For German real estate firms Gagfah and for Deutsche Annington (now rolled together into Vonovia), their capital structure has turned a little more vanilla. The great private equity bet on German apartments is mostly over, and the giant securitizations which fuelled it will be unwound.
Gagfah might have its own reasons for the shift, but the bigger picture is that the European Central Bank is pushing all corporates the same way, by driving unsecured investment grade spreads inside those of senior securitizations.
In theory, the ECB is buying nearly everything. In practice, the central bank’s ABS purchase programme is a joke. It has bought a total of €20bn since it started in 2014, against €13bn in corporate bonds since June this year. Last month, it couldn’t even buy enough ABS to cover amortisation from its existing holdings.
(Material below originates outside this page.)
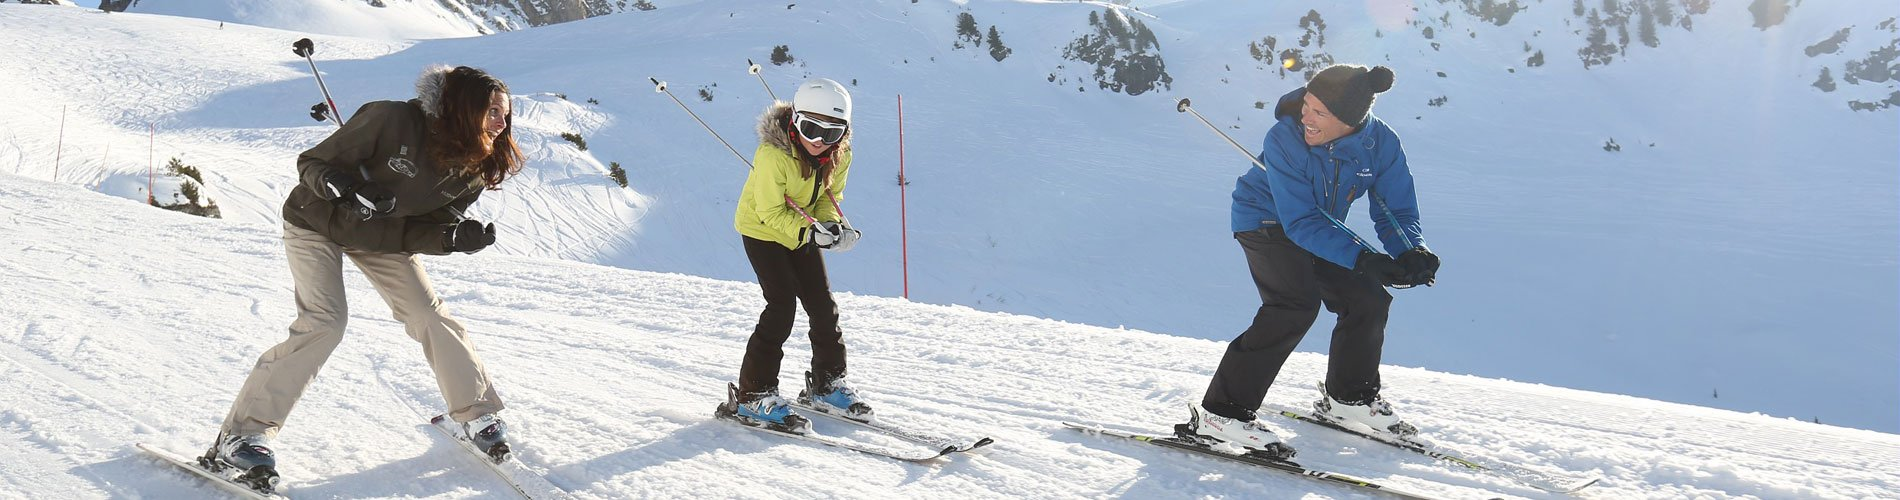 frankrijk-wintersport-banner-1900x500.jpg

Individual national central banks were empowered to hoover up anything they could find in covereds and corporates. ABS purchases, however, needed to satisfy a 100 page checklist before the specially mandated portfolio managers could bid. In corporate bonds, the ECB is said to even be buying private placements.
That betrays a residual suspicion of the ABS market, and a belief that corporate credit is somehow a straightforward asset class.
But the most insidious effect is on corporate capital structures. Driving up the price of investment grade unsecured debt sends the message that bonds are better than loans which are both better than LBOs and a move to highly leveraged or non-recourse funding.
If anything, though, Europe needs a little more private equity pazzaz in its corporate financing. But it’s not going to happen while the ECB backs the IG horse. That’s just one more distortion to add to the list in the central bank-twisted market.